She shrugged. “She raised you by herself. That’s the story.”
I looked down at my hands, then at the tags on the table. I rolled them in my palm, the edge biting into the callus on my thumb.
“I don’t want to turn her funeral into a therapy session,” I said, voice flat.
Emily set the paper aside, her tone gentle but insistent. “Nobody’s going to think less of you for loving your mother. Or hating how she left.”
I felt the heat in my chest, the old, familiar surge of anger where the grief should have been. “She didn’t mean to leave.”
“I know,” Emily said, eyes on mine. “But you’re allowed to be pissed off. That doesn’t make the rest of it less true.”
Sergeant crept forward, resting her head on my knee. I scratched behind her ear, grateful for the excuse to look away.
Emily flipped to the next draft, reading quietly. She picked up a pen and started making small edits—nothing big, just shifting phrases, adding a line here and there. After a few minutes, she set it down and slid it back to me.
“I changed the last sentence,” she said. “You can keep it or toss it.”
I read what she’d written. “She never missed a chance to laugh, even when it hurt. She leaves behind a son who will never stop missing her.”
It was so simple, so clean. I felt my throat close up.
“She’d like that,” I said.
Emily nodded. “Then it’s done.”
We sat in the quiet, the only sounds Sergeant’s breath and the creak of the chair as I leaned back. The sun had dipped below the hills, leaving the apartment in a cool blue shadow.
“Thank you,” I said, not sure if I meant for the food, the edits, or just the company.
She collectedthe plates, stacked them in the sink, and rinsed them with brisk efficiency. I watched, feeling the awkward press of words I couldn’t shape.
She wiped her hands on her jeans, then turned. “You want me to stick around, or is that weird?”
The truth was, I did. But I couldn’t say it without sounding pathetic.
She smiled, like she knew exactly what I was thinking. “I can walk the dog. Or you can walk with us. Either way, you’re getting some air before you go insane.”
I nodded, let the leash jingle in my hand, and watched as Emily opened the door and held it for me.
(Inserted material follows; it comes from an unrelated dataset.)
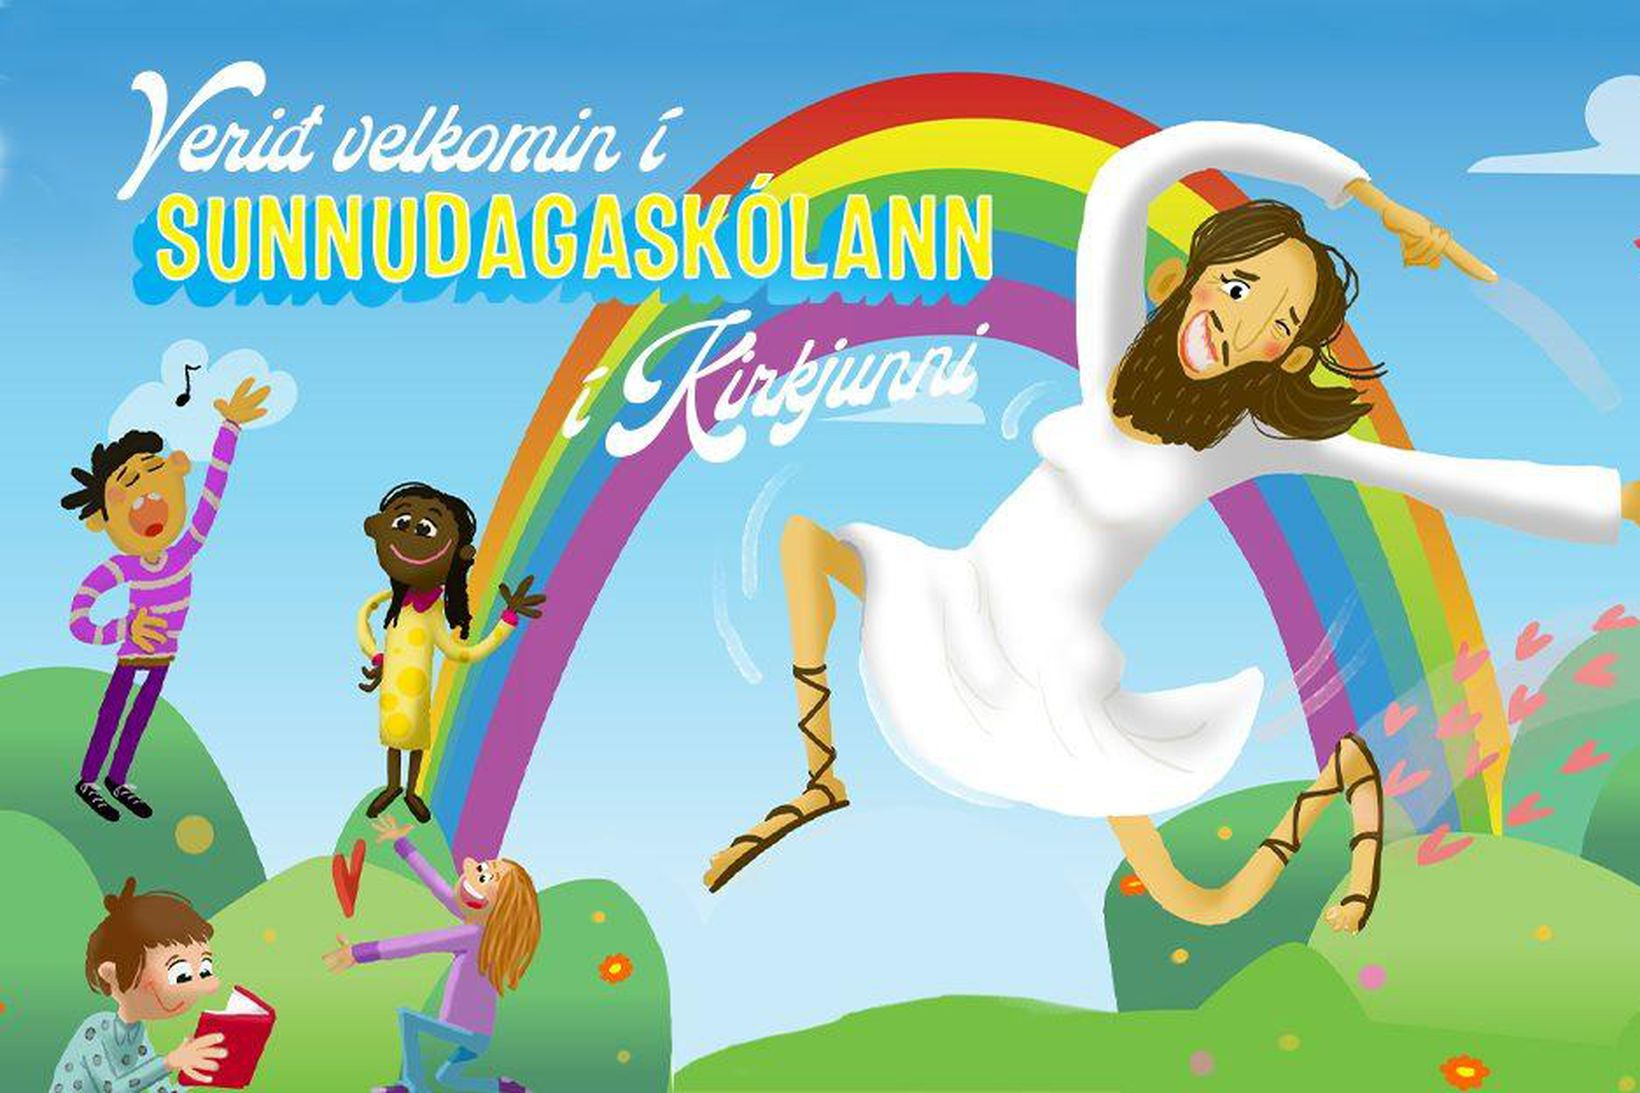 Auglýsingin sýnir Jesú með skegg, brjóst og andlitsfarða.

She didn’t rush, didn’t crowd, just walked slow, letting the night settle in around us.
The three of us—me, Emily, and Sergeant—moved down the sidewalk in silence, the first stars flickering above the dark ridge. For the first time since Ma died, I felt like I could breathe.
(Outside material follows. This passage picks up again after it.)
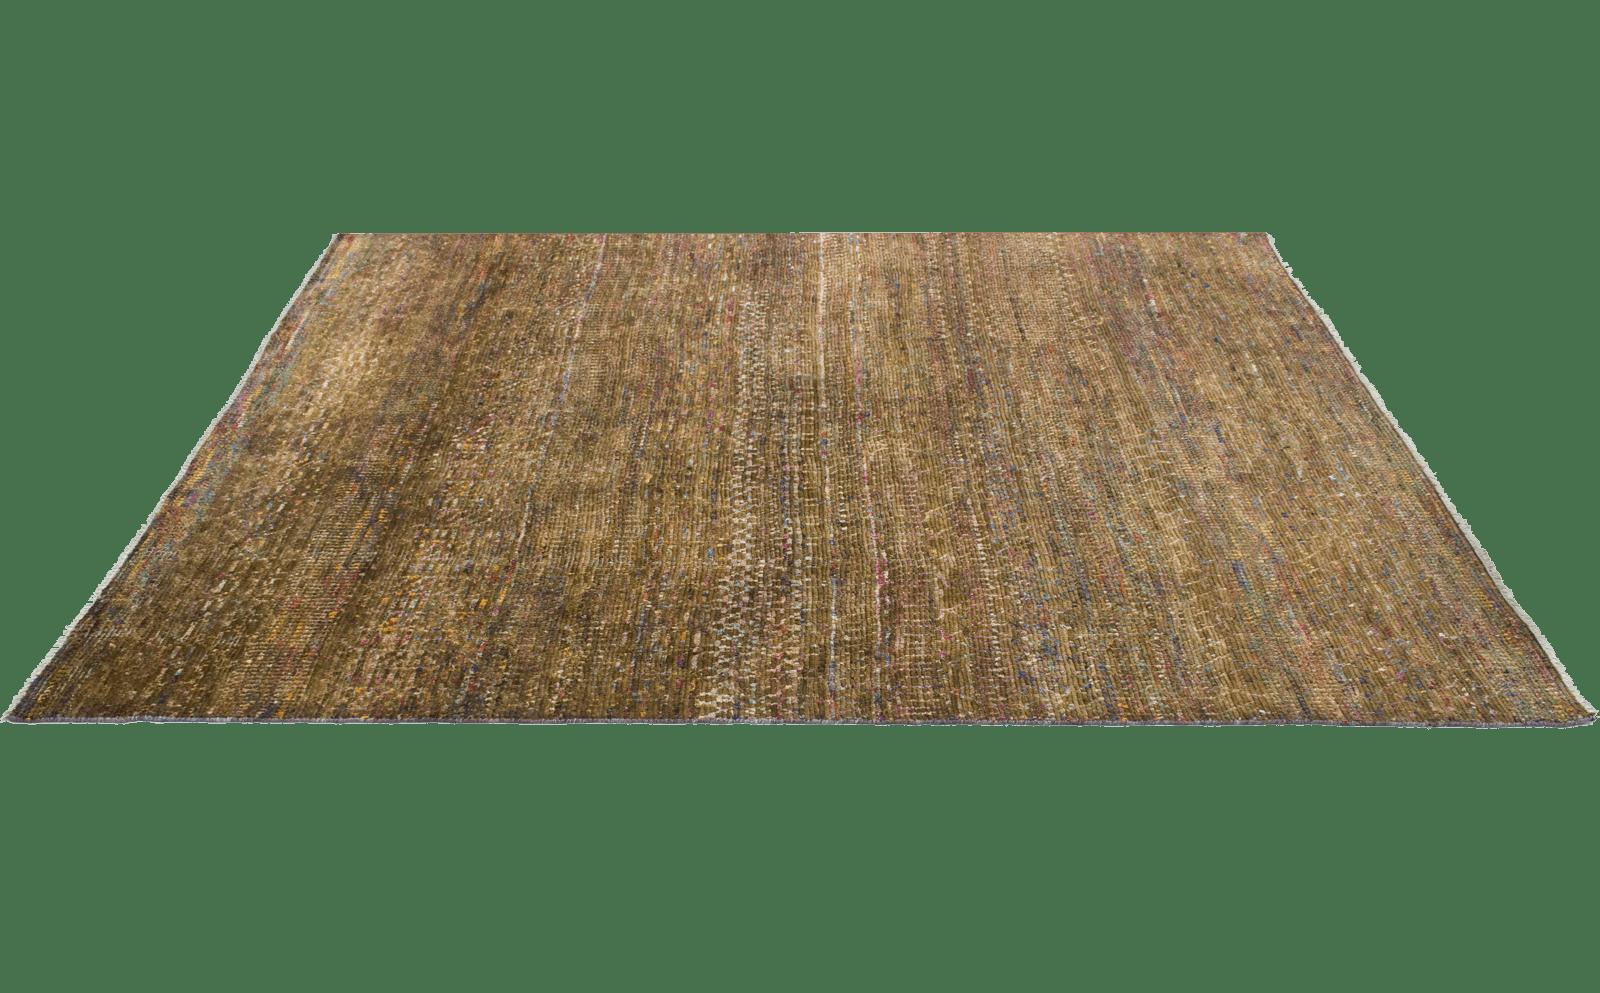 sari-silk-tribal-multi-tapijt-moderne-tapijten-handgeknoopte-design-exclusieve-luxe-vloerkleden-koreman-maastricht

When we circled back to the apartment, Emily paused at the stoop. “You’ll be okay,” she said. “But if you need help, just ask. I’m not going anywhere.”
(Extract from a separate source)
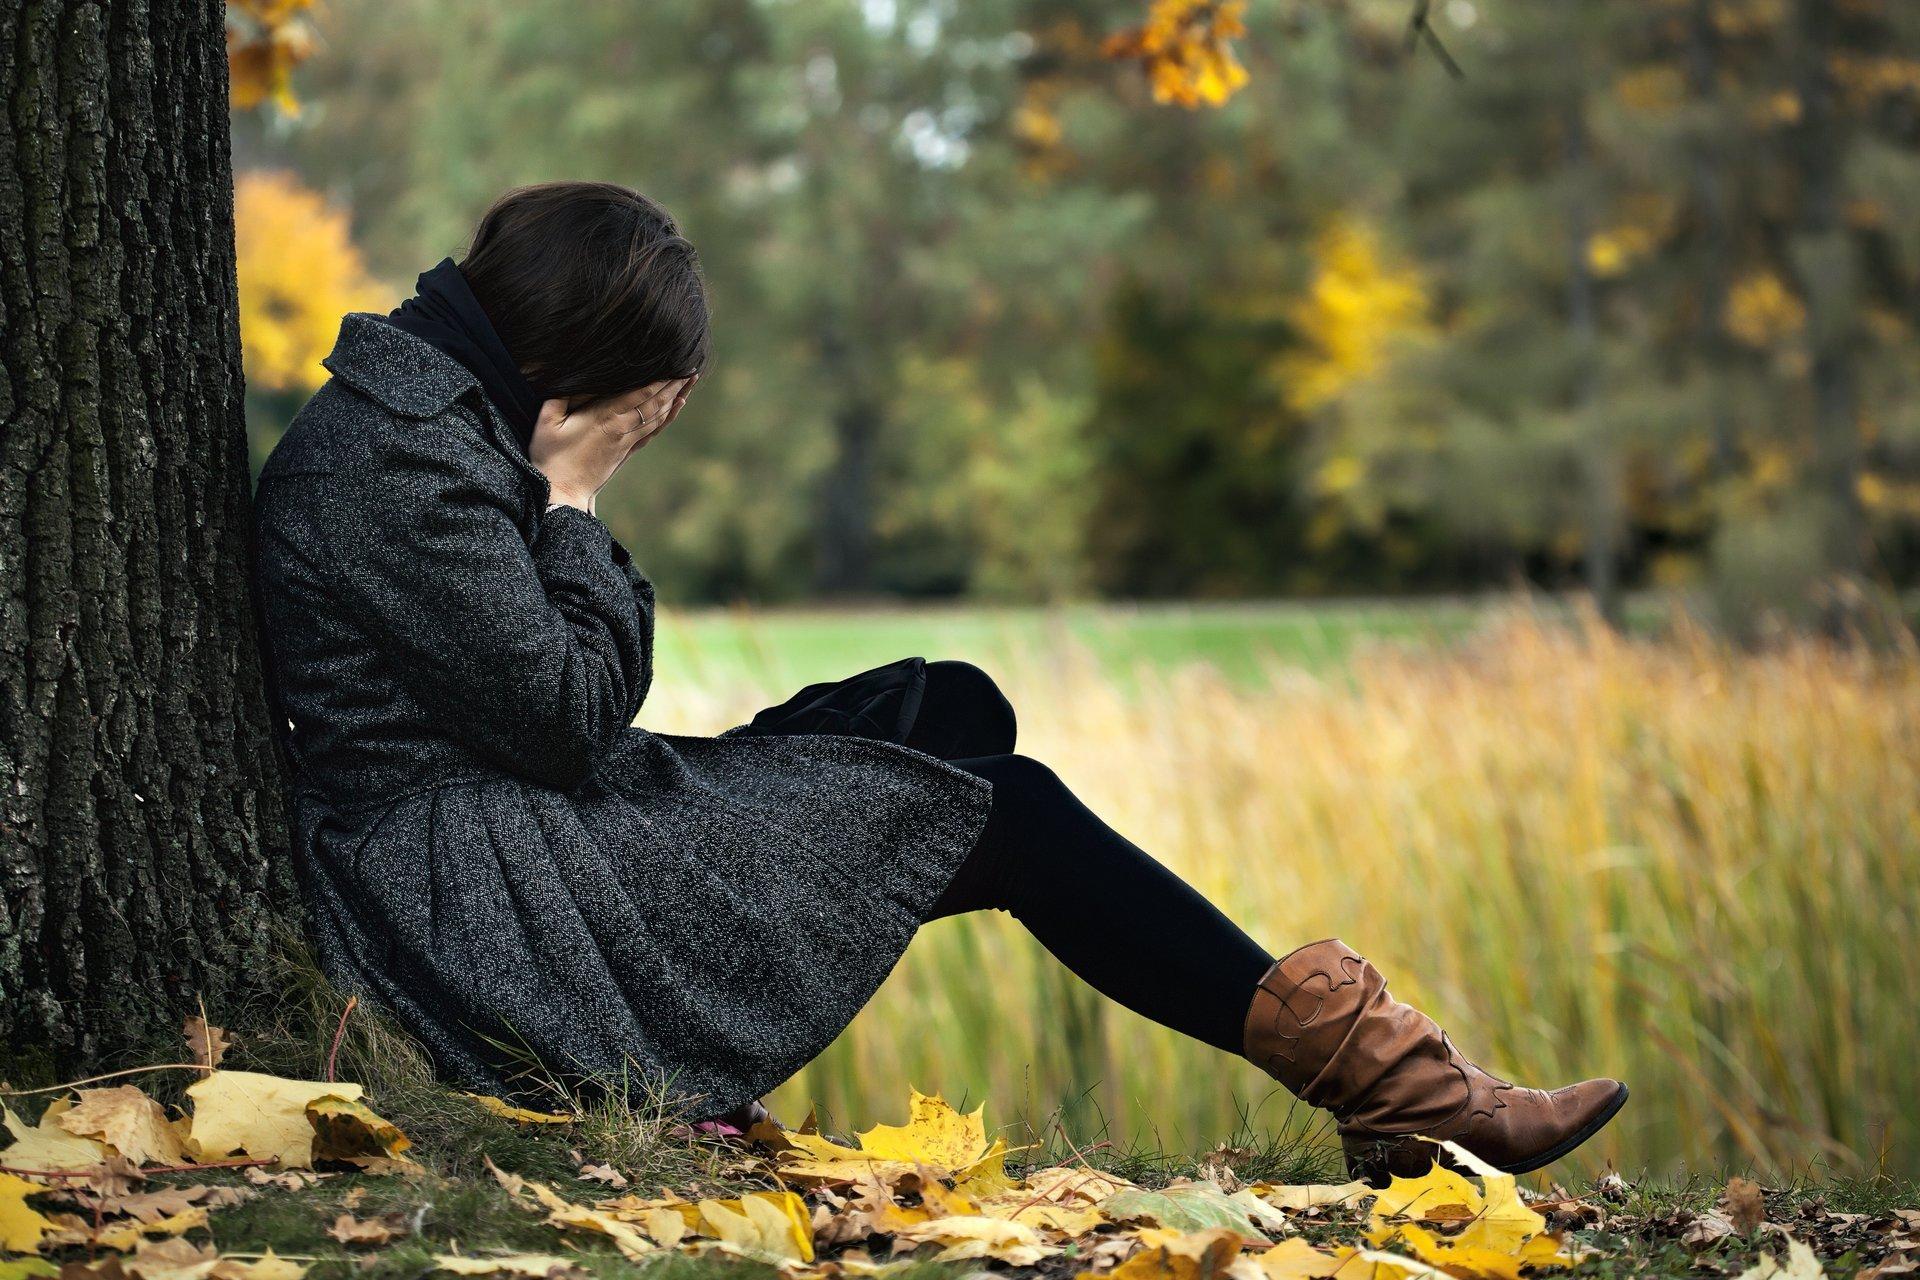 Истинную депрессию часто путают с упадком сил или просто плохим настроением

She let her hand rest on my shoulder, warm and steady. Then she turned, heading for her car, her silhouette framed in the yellow of the streetlight.
Inside, Sergeant jumped on the bed and circled twice before settling. I lay down next to her, the edited obituary clutched in my fist, and let the exhaustion finally win.
In the dark, I listened to the dog’s breathing and the hum of the street, and for once, I didn’t mind the noise.
***
The next day, the world was already waking up rough around the edges. I’d just poured my second cup of coffee, the dog sprawled upside-down in a sunbeam, when a knock landed on my door. This one wasn’t like Emily’s—the sound had gravity, a bass you could feel in your teeth. I knew before I looked who it would be.
I opened up, and Nitro and Augustine stood on the stoop, both in full regalia, wearing vests patched out, boots caked with dried mud, the stink of exhaust and Camel Lights wrapped around them like an aura. Nitro was built like a tackle box, short and dense with tattoos running up the column of his neck. Augustine was taller, skin pale, and hair buzzed so close it looked painted on. The kind of pair that made doorframes look smaller.
“Medina,” Nitro grunted, nodding past me into the apartment. His eyes swept the place, making a quick tally of the mess and the threat. Augustine didn’t even wait foran invitation—he stepped inside, glancing at the ceiling, the corners, the window, like it was a scene he might need to remember later.
I almost missed the second shadow in the room. Emily, standing by the couch with her jacket half-on, caught mid-exit. She’d come back early to return my mail, or maybe just to check if I’d survived the night. I could see the split-second flicker in her eyes—she was halfway between staying and making a run for it.